▶ [EXERCISE GOAL] All of the data below should be printed again exactly, pictures excluded.

▶ [INFORMATION SHOWN]
----
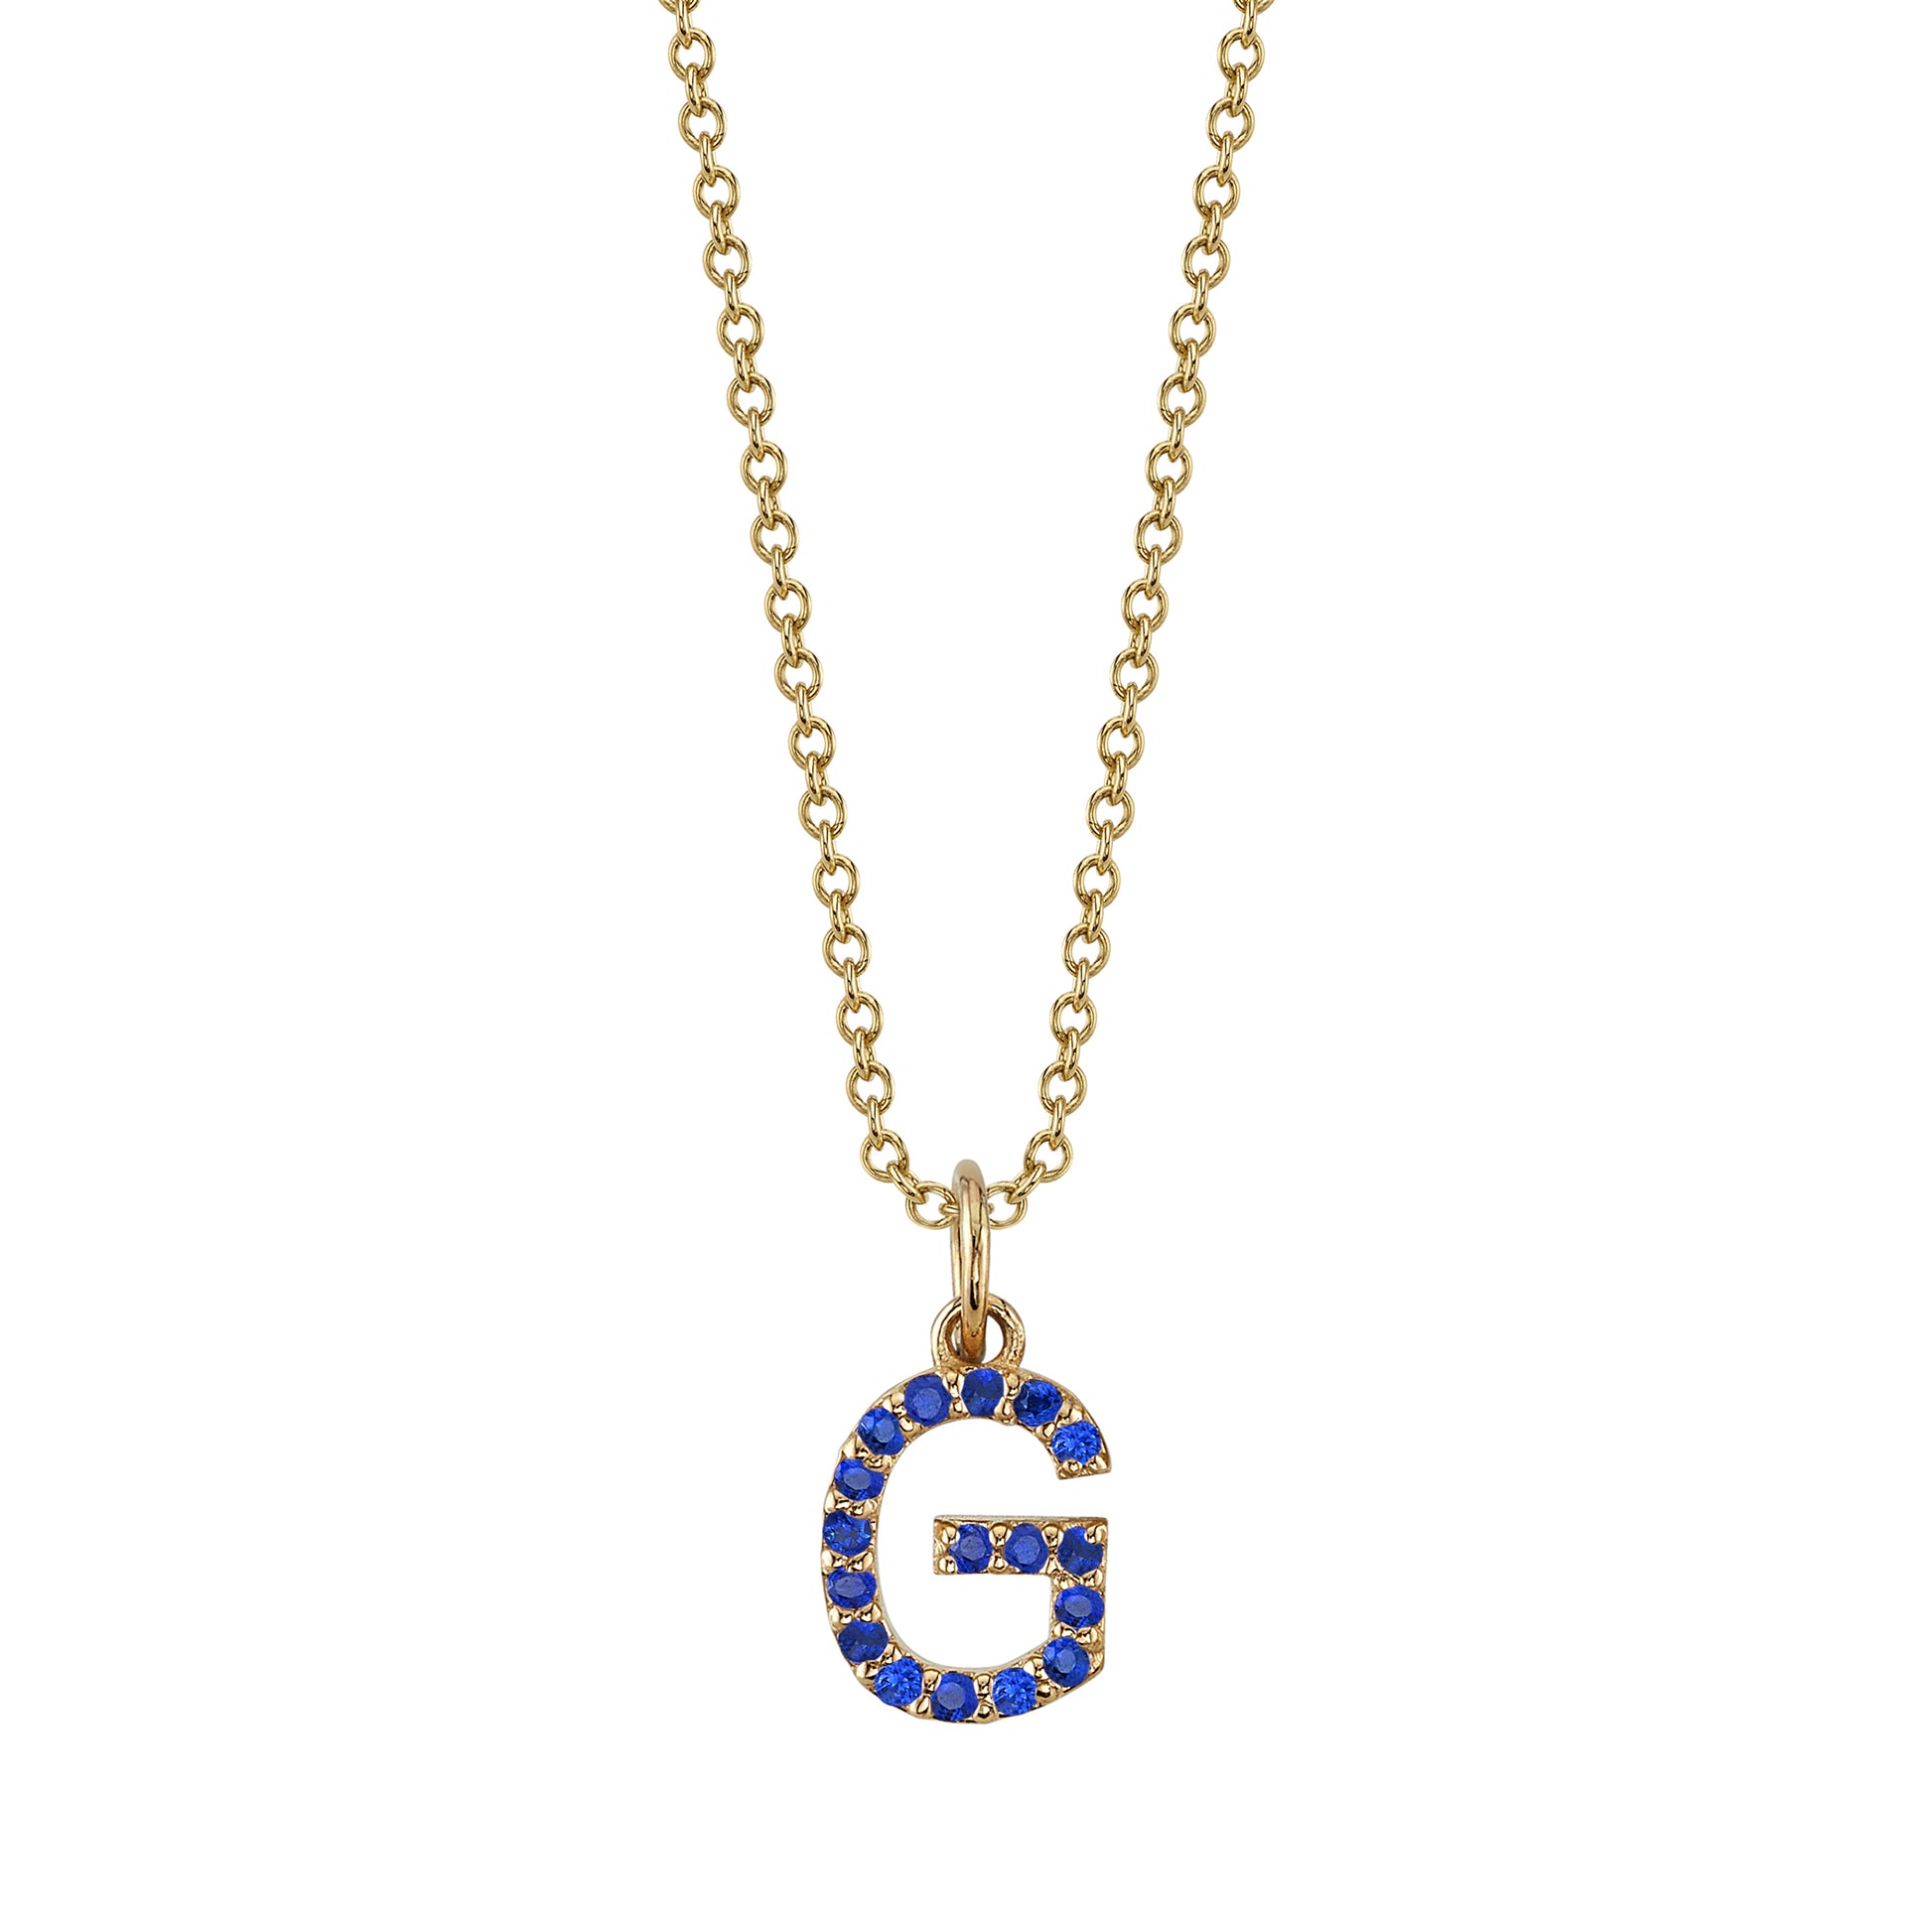 Monogram Necklace - G
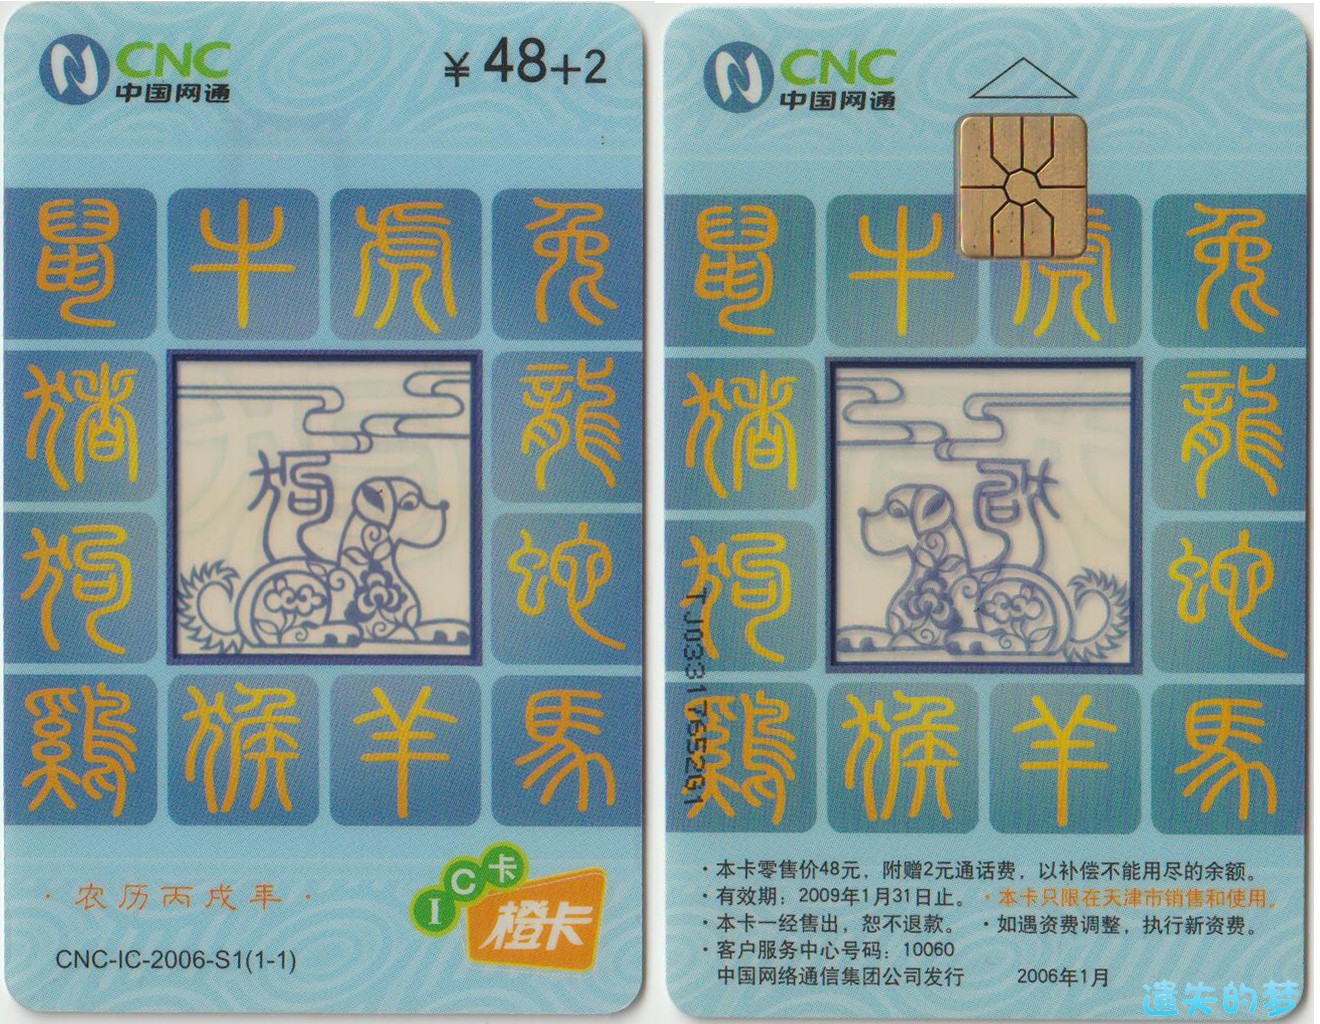 CNC-IC-2006-S1(1-1).jpg
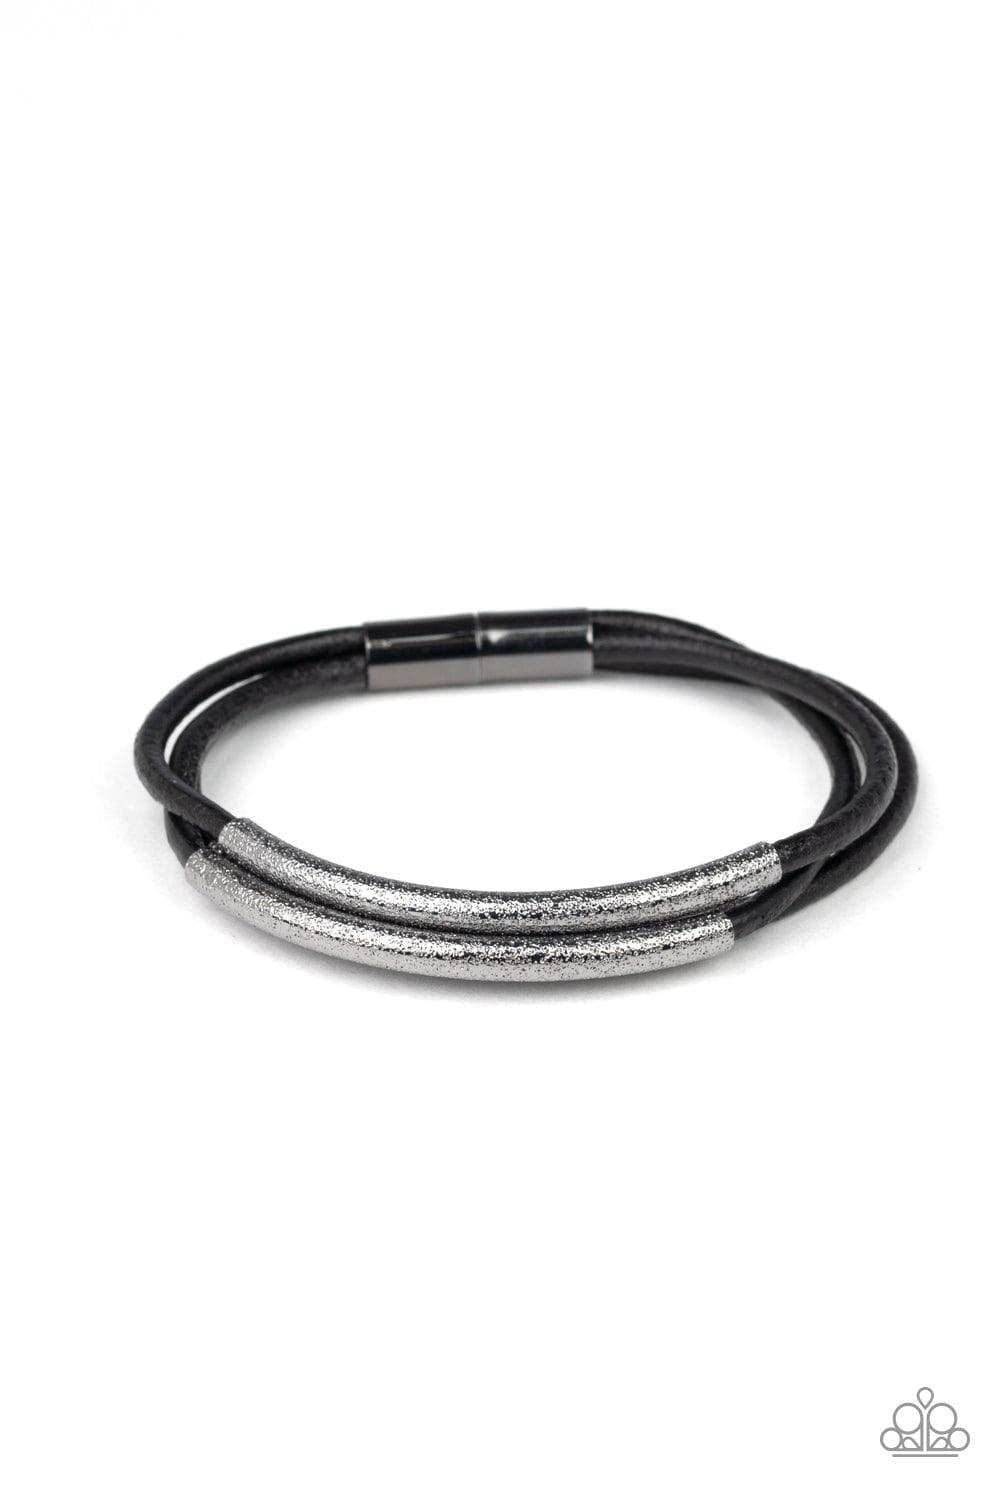 Paparazzi Accessories - Magnetic Maverick - Black Bracelet - Bling by JessieK
----
▶ [EXERCISE RESPONSE]
 Monogram Necklace - G
 CNC-IC-2006-S1(1-1).jpg
 Paparazzi Accessories - Magnetic Maverick - Black Bracelet - Bling by JessieK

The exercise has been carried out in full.